It's a self-hosted GitHub. It would allow us to have private repositories (good for deploys, ops, etc.) and manage our own user database (we could integrate with our own auth system) and probably waives the 13 and under rule above.
The price is too steep since its a per-seat license. A nonstarter if the WMF is going to have to pay for every potential developer who wants to attach.
We do need a GitHub strategy -- to make our projects more discoverable, make use of more contributions, and participate in the GitHub reputational economy. So we must figure out the right ways to mirror and sync. But I doubt our own long-term needs would work well with using GitHub as our main platform.
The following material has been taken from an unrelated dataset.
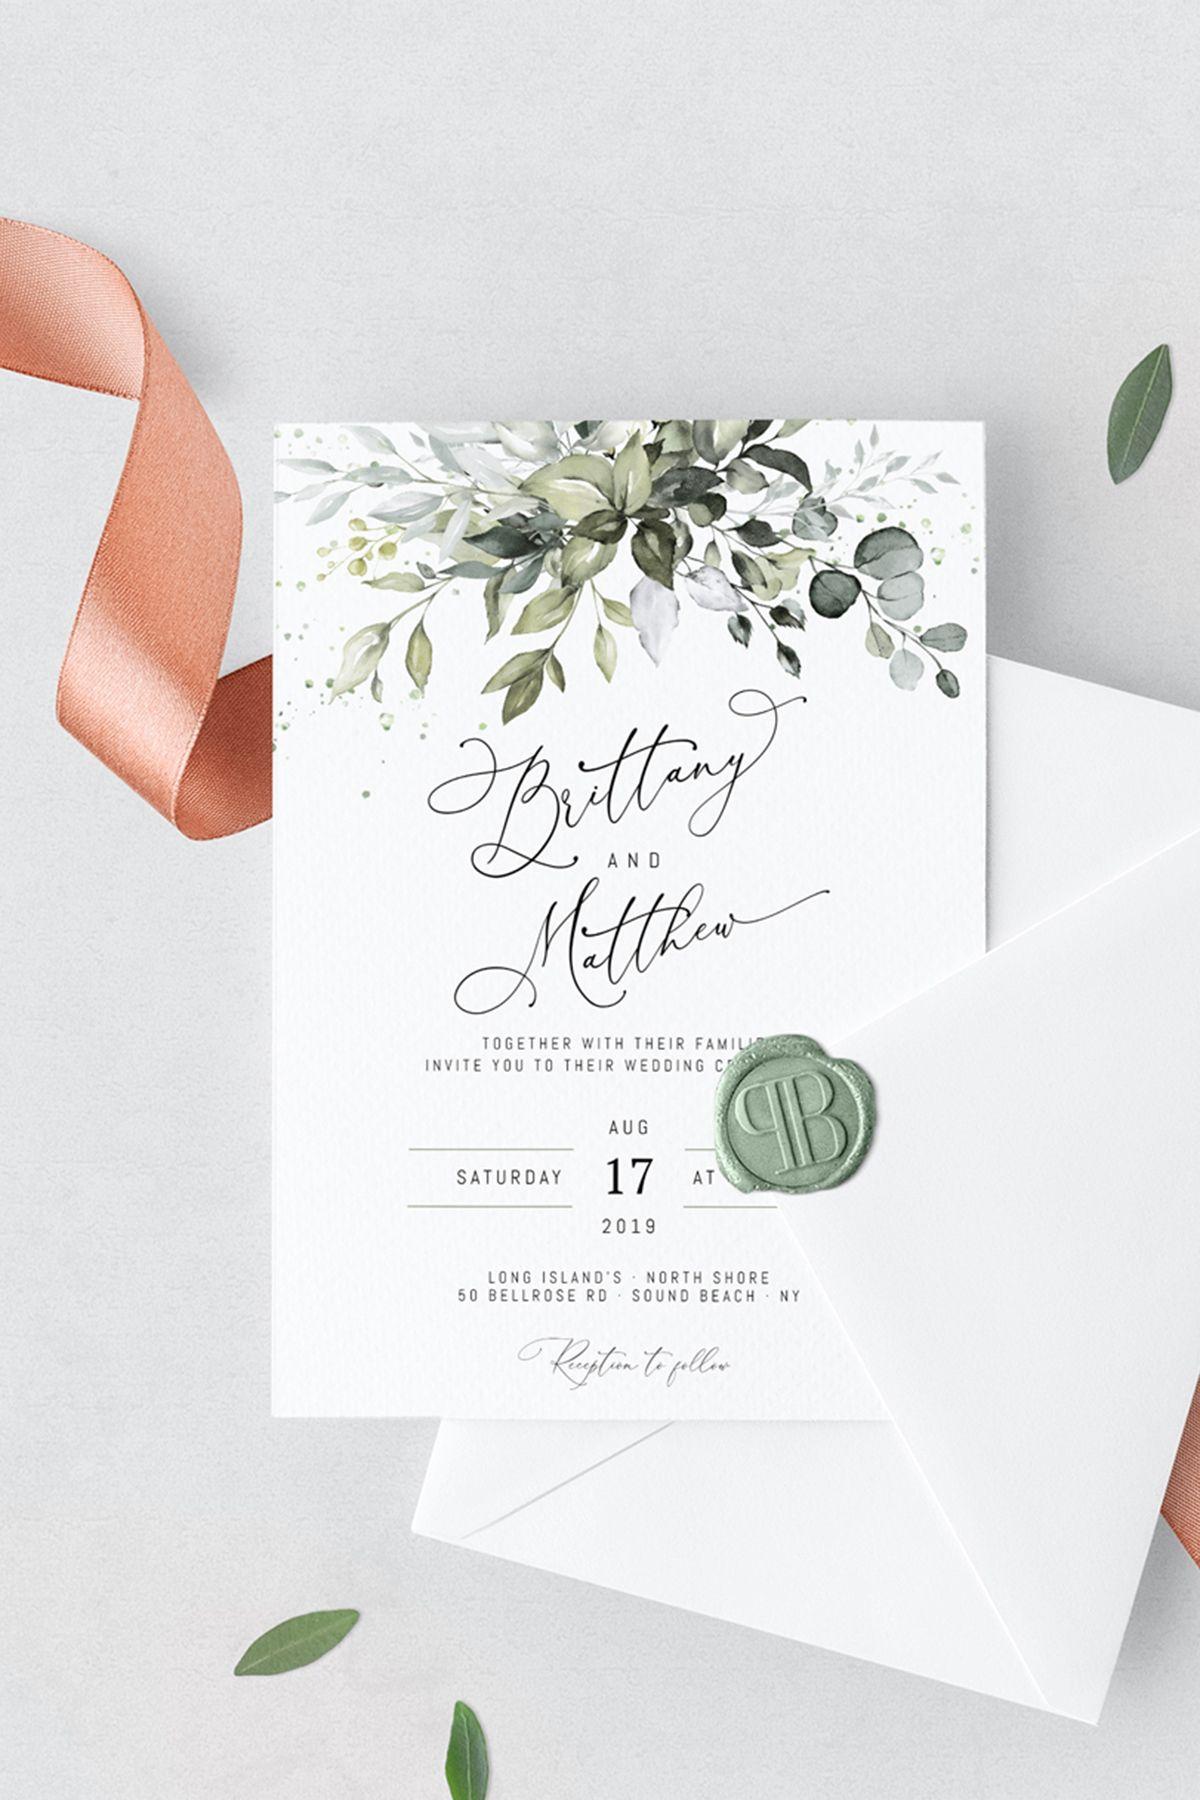 Reese Wedding Invitation Template Wedding Invite Wedding Etsy In 2020 Boho Wedding Invitation Template Wedding Invitation Templates Wedding Invitations

I'm 1000% with you on this.
We should definitely at some point mirror our code in GitHub like the PHP project does http://www.php.net/git.php. Being able to publish and handle pull requests coming from GitHub would be a nice feature in Gerrit or any replacement. It'd be nice if others can have their own MW extensions or versions of extensions and core on GitHub and pull from us (and us from them) esp. for extensions that may need some love or have changes that don't satisfy the WMF code quality bar.
…
As for actually dealing with the pro/con of Gerrit vs. others-than-GitHub, I suppose I'll sit down and add matrix them on the wikipage if I have some time. I haven't yet thought things through enough to bore you with an even longer e-mail. :-)